This is the third edition of this visualisation, previous editions were in October 2013 and December 2012.
As before, full run throughput in gigabases (billion bases) is plotted against single-end read length for the different sequencing platforms, both on a log scale:
A new visualisation
Inspired by GapMinderWorld, a fascinating interactive visualisation of demographic data, and using their recommendations, I created an interactive ‘Motion Chart’ version of this visualisation on a Google spreadsheet. The chart allows to track the metrics throughout the years. Here is the final graph after running though all the data:
The X and Y axis are the same as for the first figure, the size of the data points are correlated with the number of reads per run.
You can explore the data interactively yourself by clicking on the graph.
Unfortunately, I didn’t find a way to change the default chart settings, so in order to have the best experience, make sure to adjust the chart as depicted below:
Note that the log scaling does not work as well as in the static picture at the top of this post. This is the reason I did not include the datapoint for Sanger sequencing. If someone can make this graph work in, say python, I’d be happy to include your results!
Notable changes from the October 2013 edition
- I use numbers for the full run output. It was pointed out to me that this was not the case for the PacBio data, where I so far used the metrics for single SMRTCells (‘chips’) only.
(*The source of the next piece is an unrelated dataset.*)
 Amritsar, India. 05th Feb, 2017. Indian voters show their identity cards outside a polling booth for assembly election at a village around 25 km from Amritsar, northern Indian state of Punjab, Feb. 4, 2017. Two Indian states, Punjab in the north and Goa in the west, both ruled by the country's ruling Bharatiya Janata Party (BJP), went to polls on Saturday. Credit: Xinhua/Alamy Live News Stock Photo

I have now chosen to report metrics for 12 SMRTCells as a full PacBio run, a compromise between the 8, 12 or 16 SMRTCells per run we have worked with
- PacBio also upgraded to P5-C3 metrics
- the Roche/454 GS Junior upgraded the read length to 700 bp (‘GS Junior+’)
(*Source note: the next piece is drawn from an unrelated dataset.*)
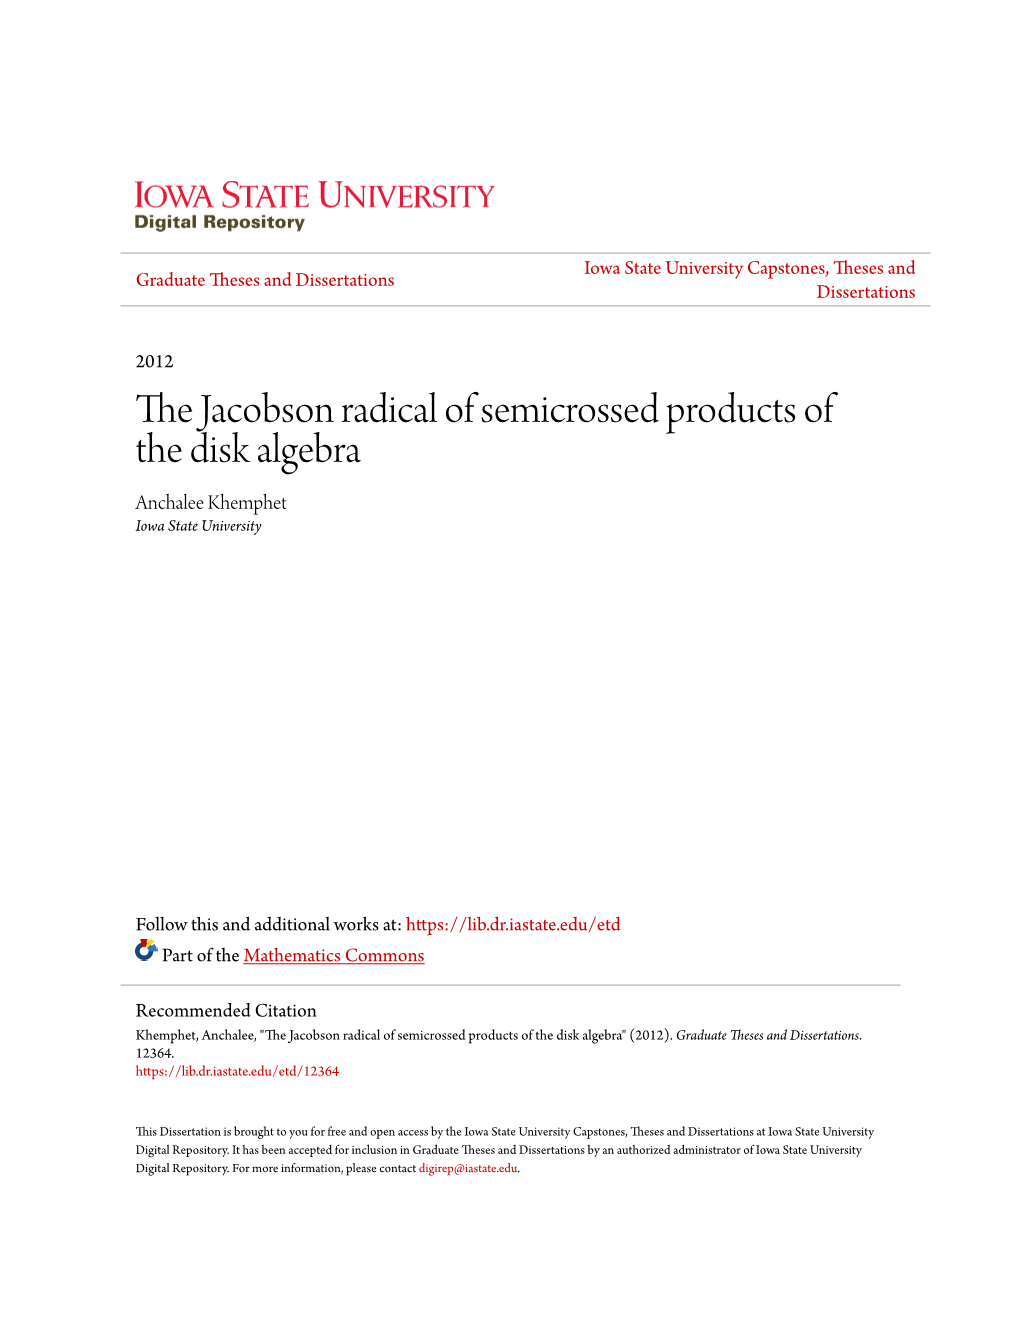 The Jacobson Radical of Semicrossed Products of the Disk Algebra

- the Illumina HiSeq2500 ‘1TB’ upgrade (2 × 125 bp read length and 4 billion reads per run)
- I added the Illumina NextSeq 500 and HiSeq X (I chose the output for 1 instrument, even though one has to buy at least 10 of them)
Some comments
- note how close together the data points fall for the GAII, HiSeq ‘Rapid Run’ mode and NextSeq 500.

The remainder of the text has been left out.